Oturumun öne çıkan ana fikirleri ise şöyle oldu: “Fırsatları biz yaratıyoruz. Bilinçli ve meraklı olmak önemlidir. Kendine yol çizme ihtiyacı, aksiyon alma, öğrenmeye ve keşfetmeye açık olmak, sorgulamak değerlidir. Toplumda bir etki yaratmak, değişimin bir parçası olmak amaçlarımız arasında yer almalıdır. Birlikte ortak amaç için çalışmak daha inovatif gelişmelerin önünü açabilir. Girişimci ruh, kalıpların dışında düşünebilmek teknolojiyle birlikte katma değer yaratır. Çizilen rolü reddetmek, kendi hikâyeni bulmak paha biçilmezdir.”

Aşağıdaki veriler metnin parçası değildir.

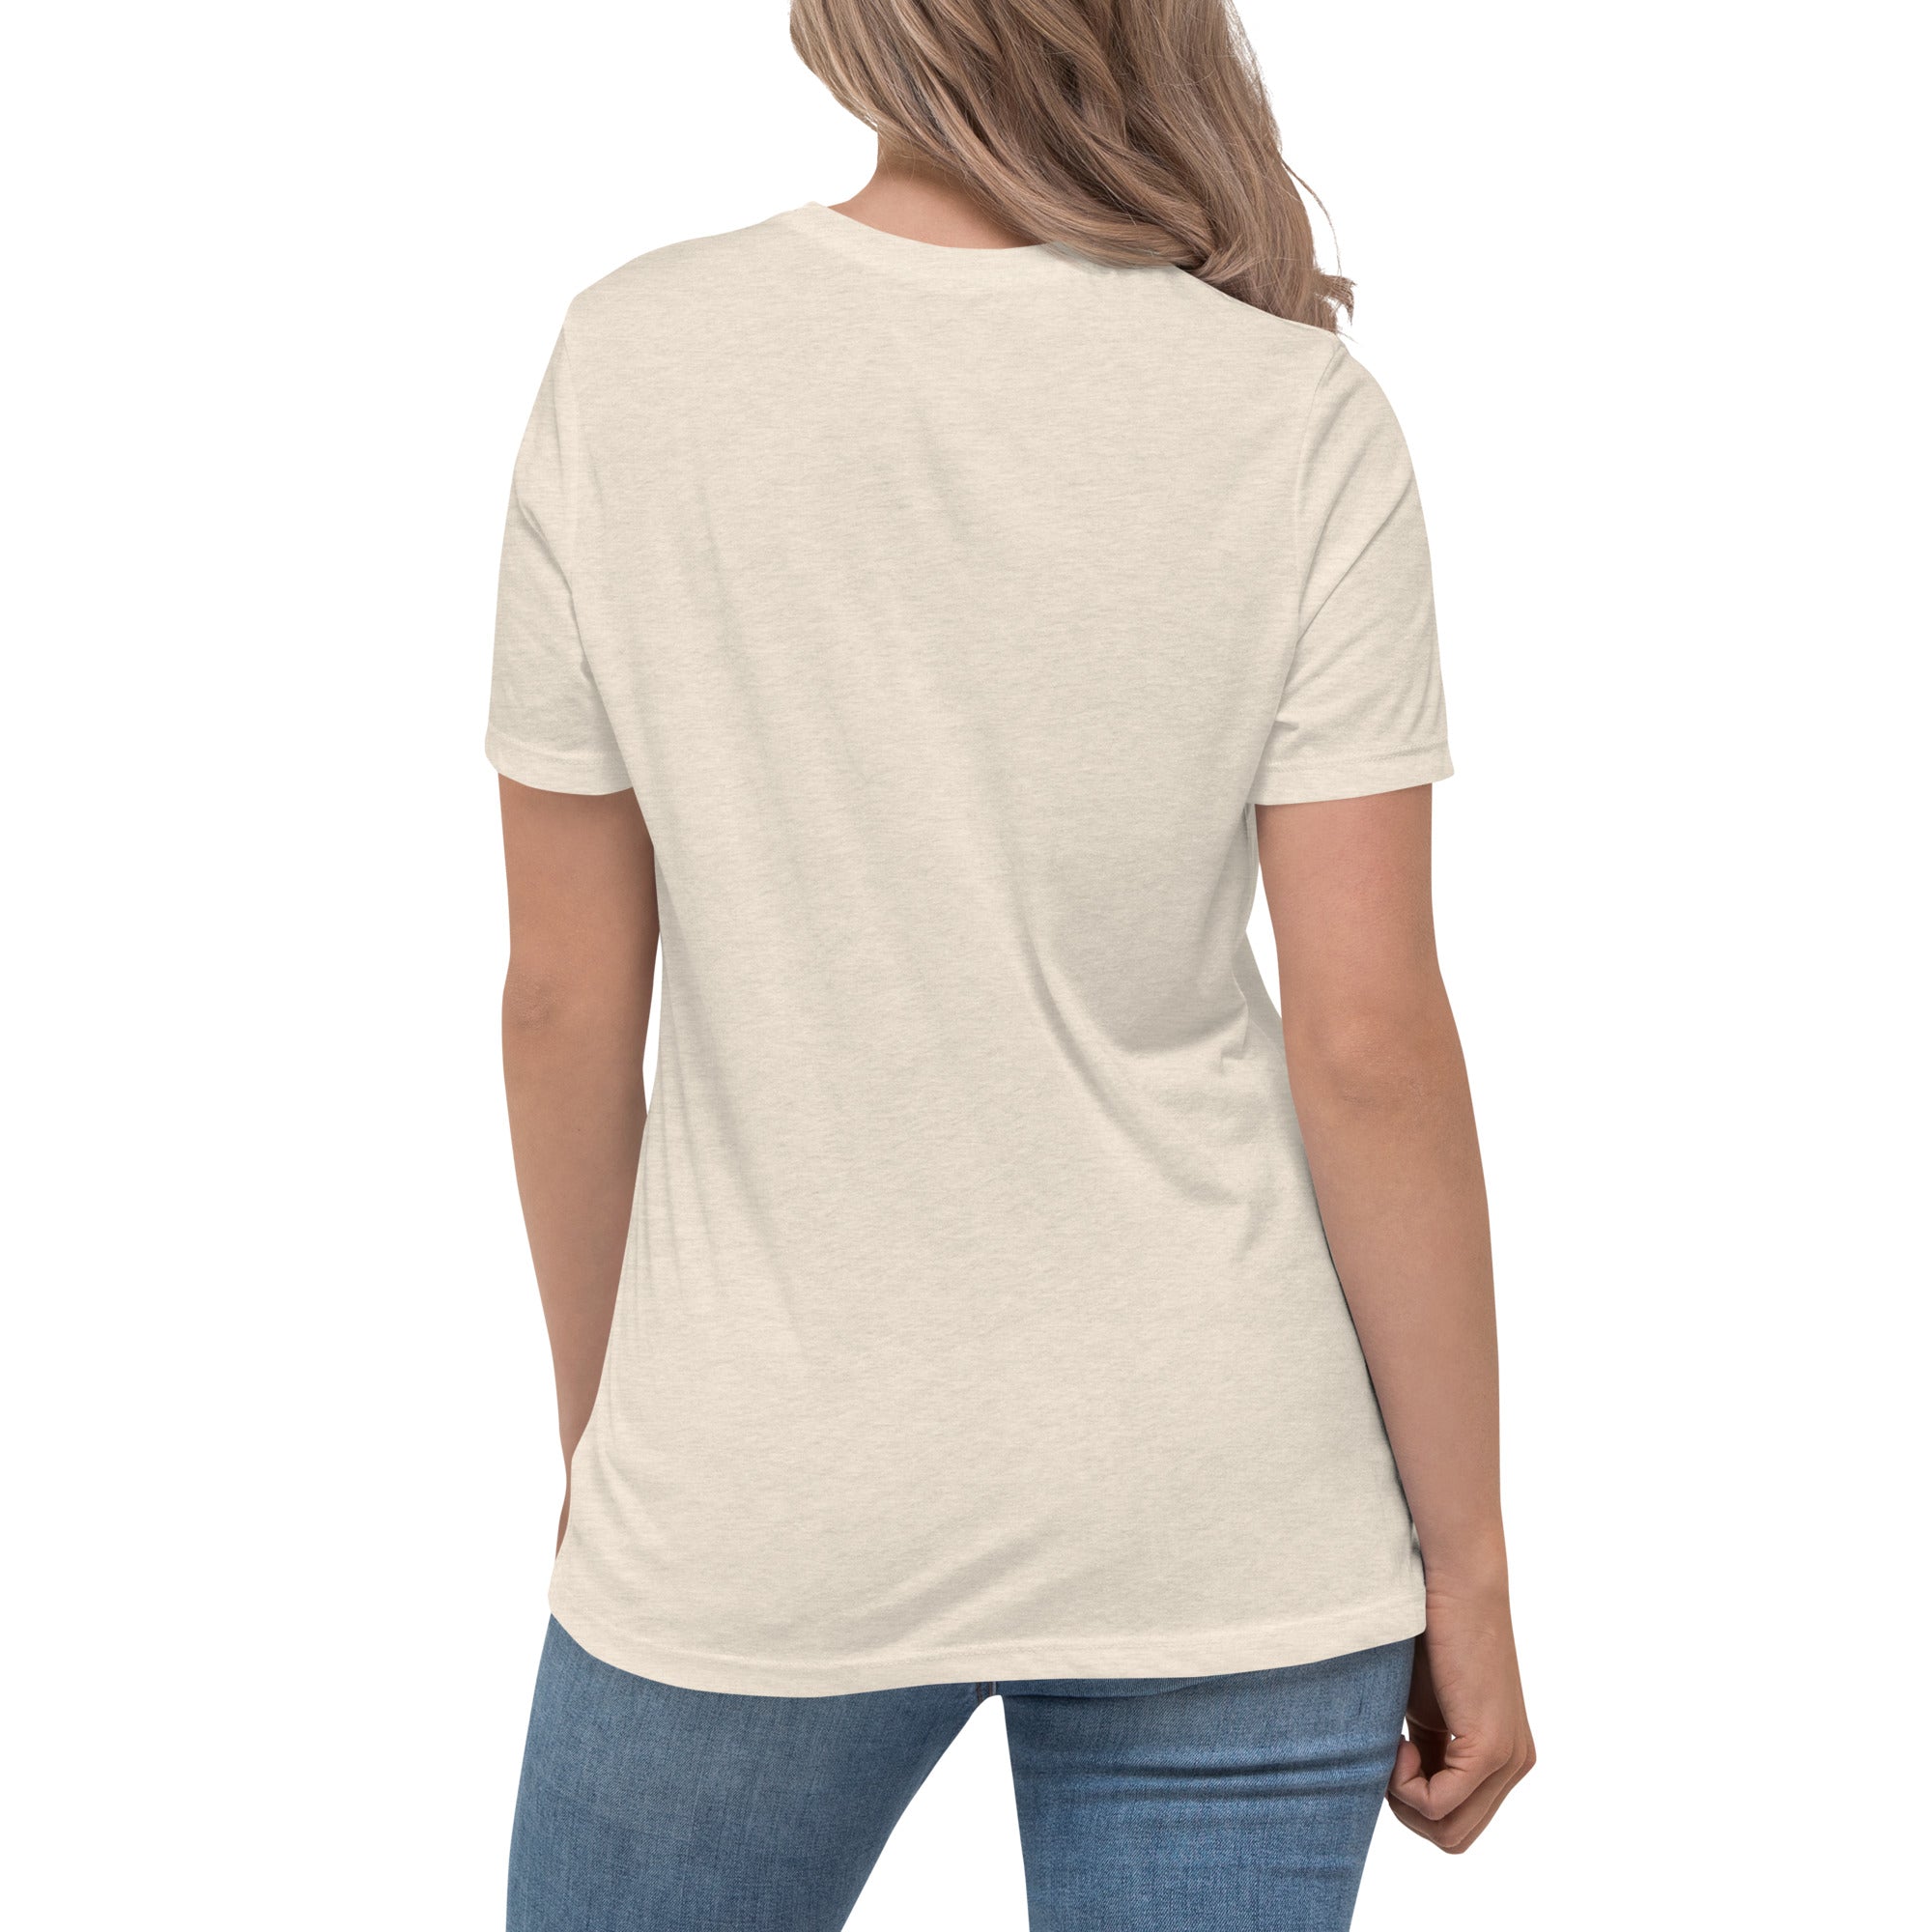 Great Tits Women's Relaxed T-Shirt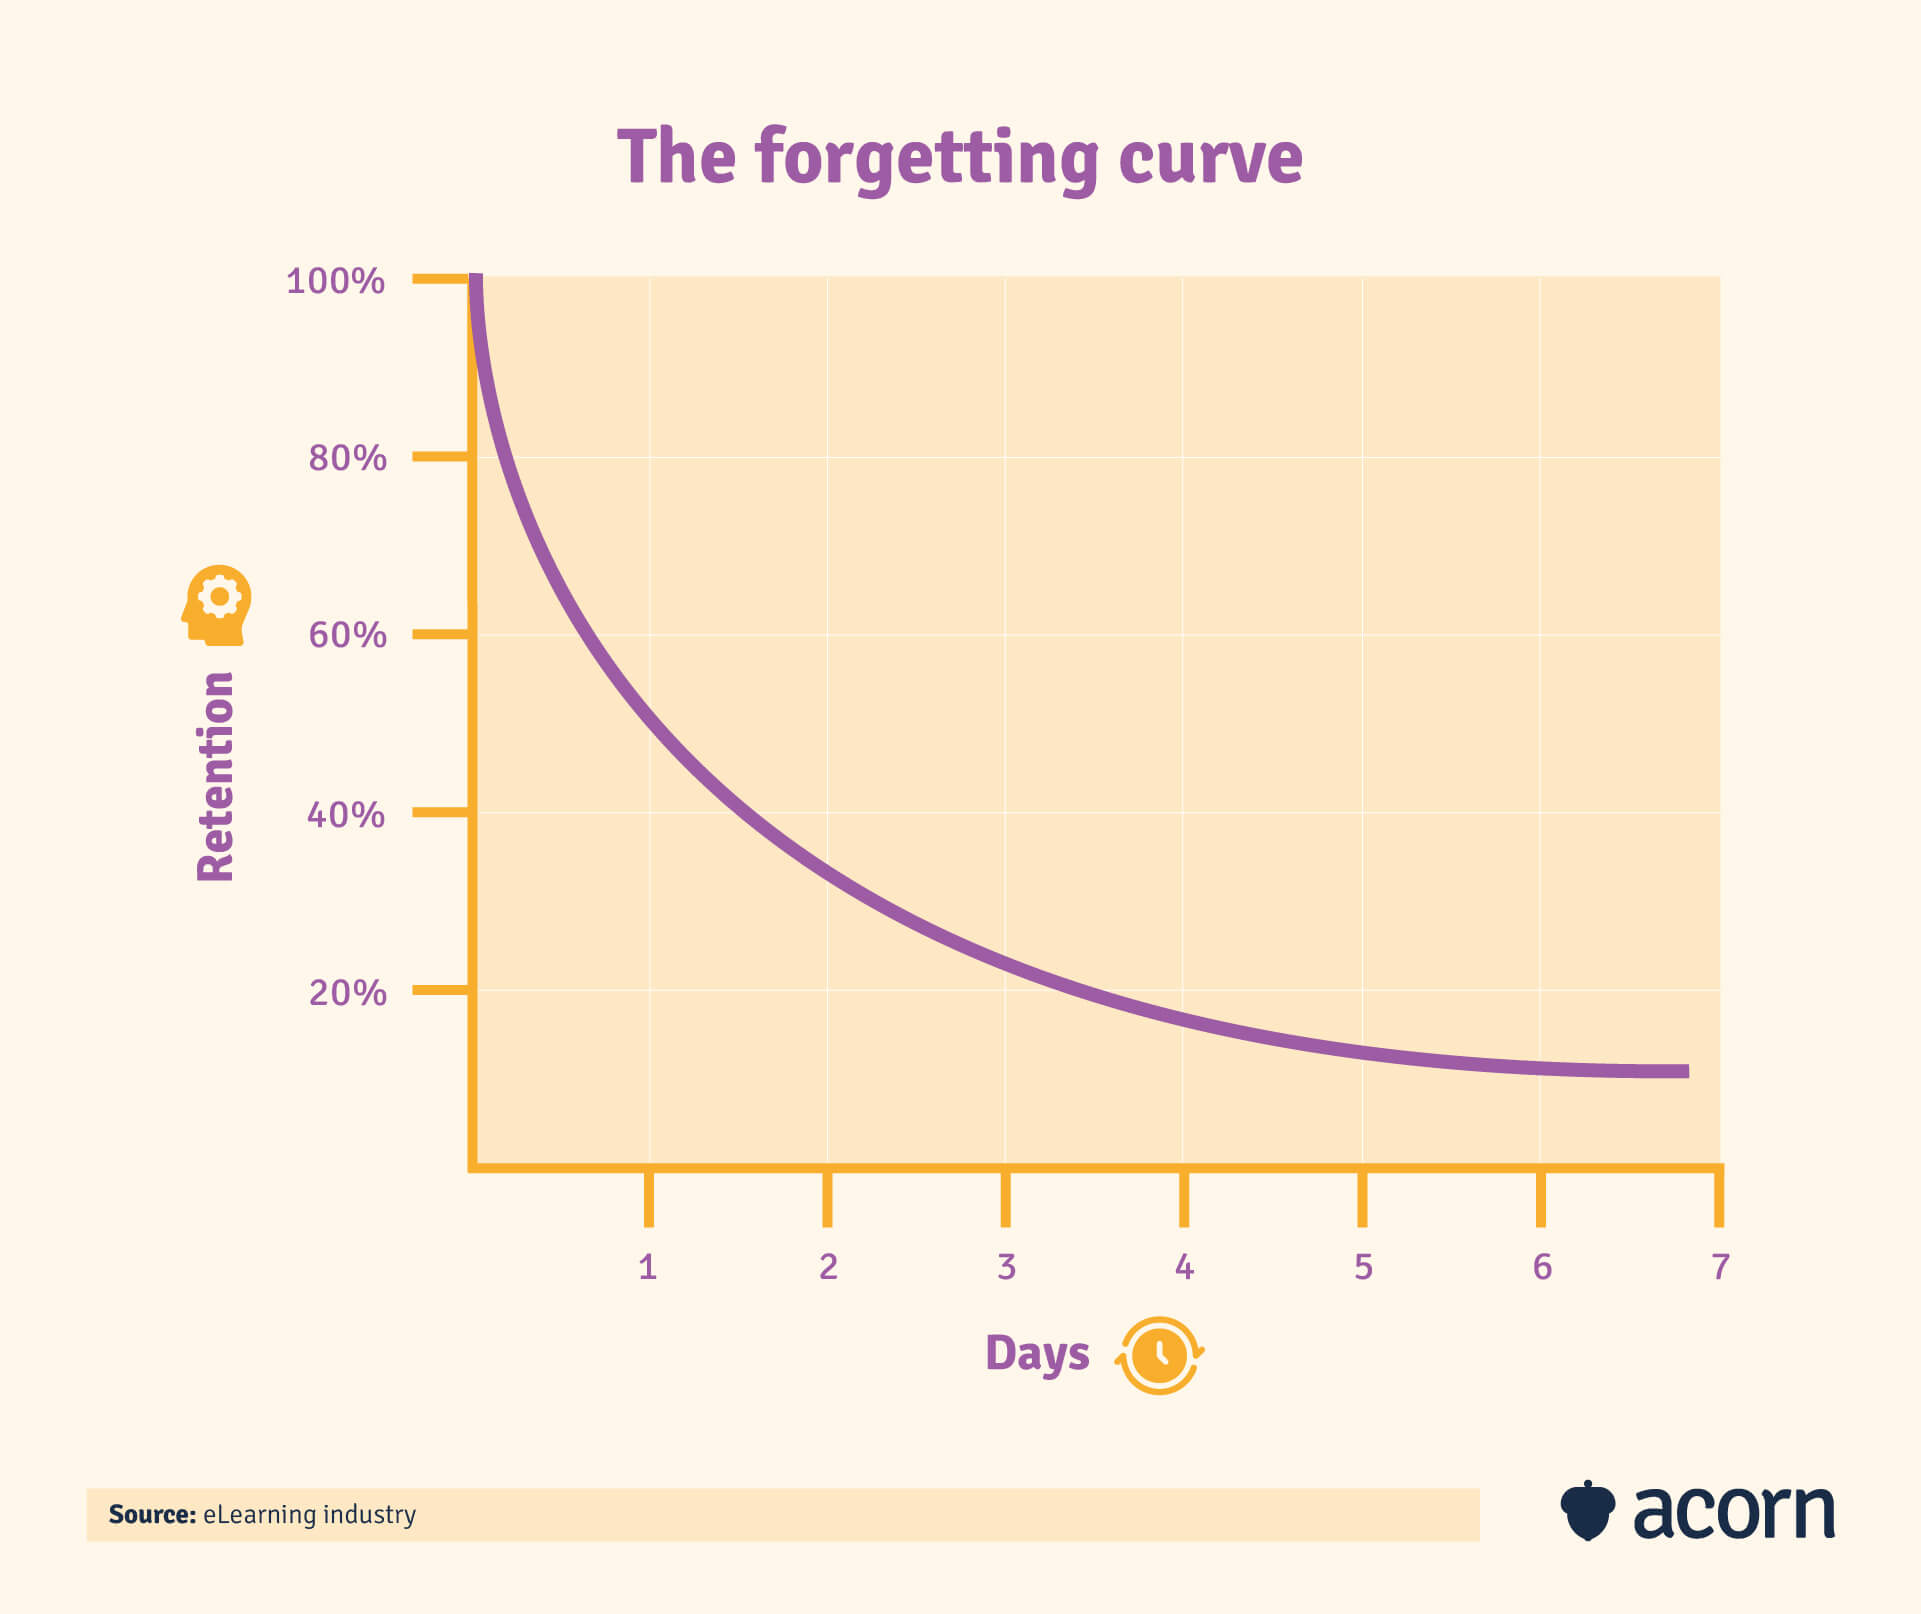 Line graph visualising the "forgetting curve" of knowledge lost.

Topyekûn mücadele için filantropi

Acil durumların insanları bir araya getirdiğini gördük peki ya rutin tavırlarımız? Bu ilgi çeken soruya ‘Stratejik Filantropi’ başlıklı oturumda yanıt aramaya çalıştık. Rekind UK & Yeşilist Kurucusu Ergem Şenyuva’nın yönettiği oturumda konuşan Etki Yatırımcısı & Filantropist Antonis Schwarz, Özyeğin Vakfı Sosyal Yatırımlar CEO’su Ayla Göksel ve King Khalid Foundation CSO’su Dr. Natasha M. Matic; sosyal odaklı yatırımları, ekonomik ve sosyal standartları yükseltecek faaliyetleri, dünyaya şekil veren yeni filantropi trendlerini anlattı.

Natasha M. Matic, “Toplumun bakış açısını değiştirmek gerekiyor çünkü filantropi sadece bağış, yardım gibi görülüyor. Anında tepki verebilmek, ihtiyaçları doğru tespit edebilmek, devletle iletişimi güçlendirmek, mümkün olduğunca fazla paydaşı sürece dahil etmek önemli. Tek kişinin yapamadığını birçok insan yapabilir” derken Antonis Schwarz da bağışçıların ihtiyaç sahipleriyle bir araya geldiği katılımcı filantropi modelini desteklediklerini söyledi. Ayla Göksel ise pandemi sırasındaki yardımlaşma üzerine; “İnsanlar kendi duygularıyla yola çıktı ve kendilerini organize etmeye başladı. Sorulması gereken ise şu: Küresel bir pandemiyi beklemeden bunu nasıl harekete geçirebilir ve sürdürebiliriz? Konu çek yazmaktan ibaret değil. Belirtilerden ziyade, problemlerin kökenini nasıl çözebileceğimize odaklanmalıyız” ifadelerini kullandı.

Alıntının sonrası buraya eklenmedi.